Local analysts said the shutdown has marked an inevitable transformation of the nongovernmental trade between China and Russia and necessitated a change in mindset and operation mode among Chinese businessmen in Russia.

Reasons behind the abrupt shutdown

Cherkizovsky is Russia's biggest wholesale market. Police abruptly shut down the nearly 300-hectare market in northeastern Moscow on June 29 after disclosure by the Russian Federal Supervision Service for Consumer Rights Protection and People Welfare of various illegal and irregular operation in the markets

Russian Prosecutor General's Office said the shutdown was due to bad sanitary and fire control conditions, but local media believe many factors have prompted the closure.

A June report tendered by Minister of Industry and Trade Victor Khristenko stated that contraband goods not only cost the government great loss in taxation, but also undermine the development of the country's light industry.

The report suggested promoting legal, standardized chainstores and cracking down on terminal markets notorious for the sales of counterfeited and shoddy products and goods entered the country through "grey customs clearance".

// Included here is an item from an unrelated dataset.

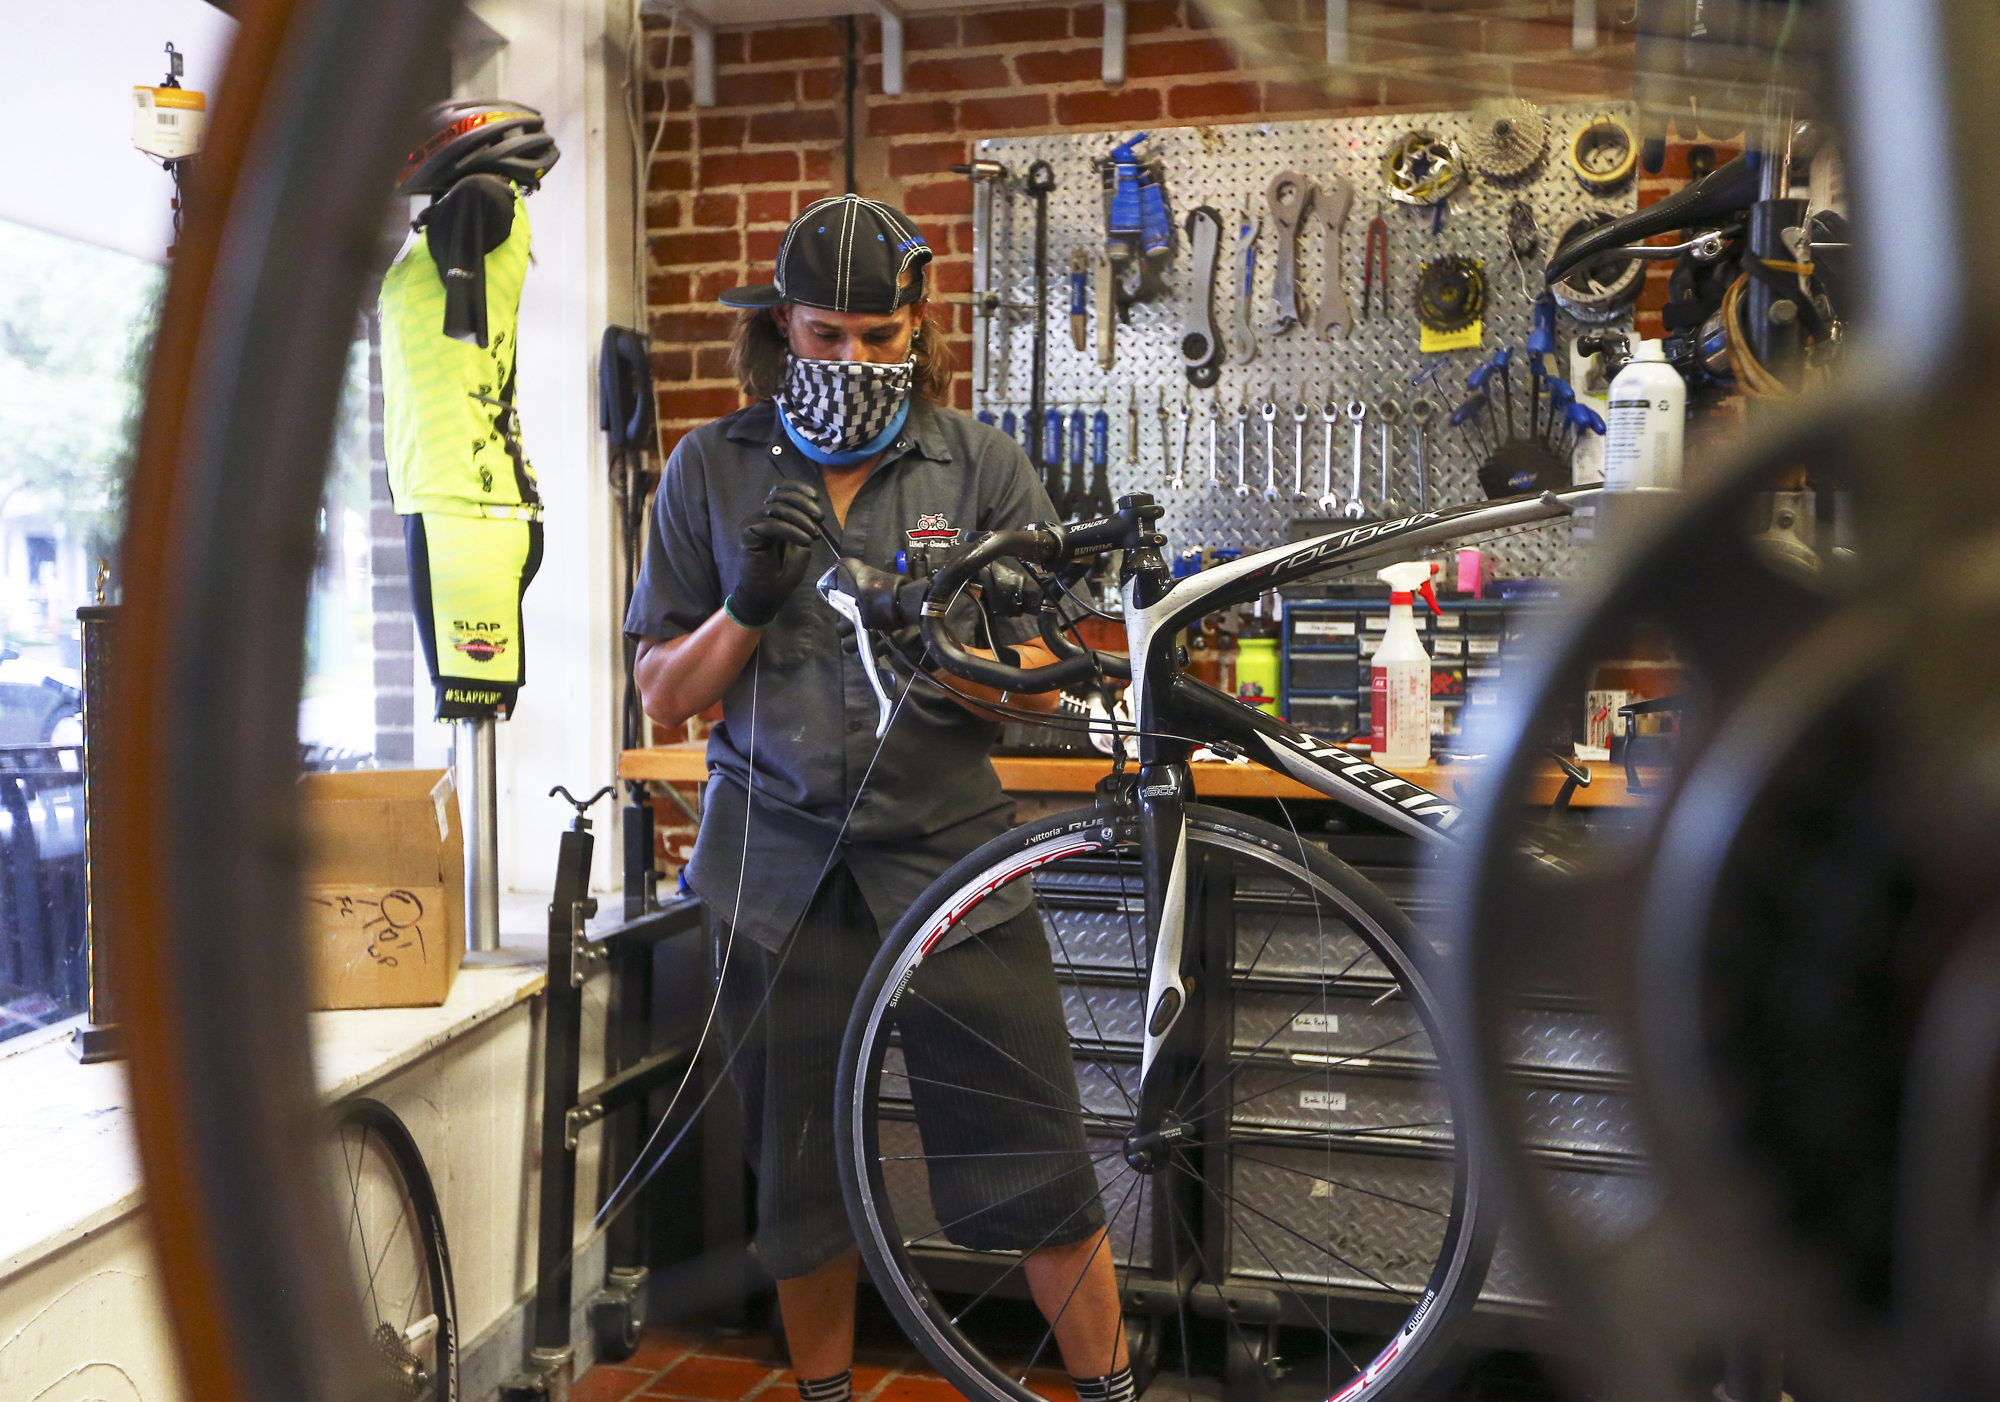 Wess Irons works on a bike during a busy day at Winter Garden Wheel Works in downtown Winter Garden.

Russian Federal Supervision Service for Consumer Rights Protection and People Welfare, Prosecutor General's Office, Federal Migration Service , Moscow municipal government and other government agencies even proposed shutting down the market for good.

The latest poll conducted by research group Levada Center also showed that among 94 percent of Moscow citizens who know about the closure, 67 percent support the move. Another online poll conducted by newspaper Izvestia also showed that over 80 percent of netizens are in favor of the shutdown.

"Grey customs clearance" hampers Sino-Russian trade

Over the past 20 years, the people-to-people trade between China and Russia has undoubtedly made great contribution to bilateral economic and trade cooperation, said Gao Xiyun, Economic Minister Counselor of Chinese Embassy in Russia.

However, it is also an undeniable fact that problems such as "grey customs clearance" had seriously hampered the health development the bilateral people-to-people trade, he said.

The so-called "grey customs clearance" is a long-standing practice that involves intermediaries handling customs clearance for bulk commodities loaded in planes or containers trucks.

After paying the so-called "customs clearance companies," the consignors of the goods do not have to deal with Russian customs authorities in person. Consequently they receive no official customs declaration documents.

In recent years, the Russian government has strived to rectify its domestic market order. For a time, goods that entered the country through "grey customs clearance" were regarded as contraband, and their owners would face penalties, including fines or even outright confiscation.

Prior to the market closure, on Sep. 11, 2008, the Investigation Committee at the Russian Prosecutor General's Office sealed up a large part of Chinese merchants' container storehouse in the Cherkizovsky market.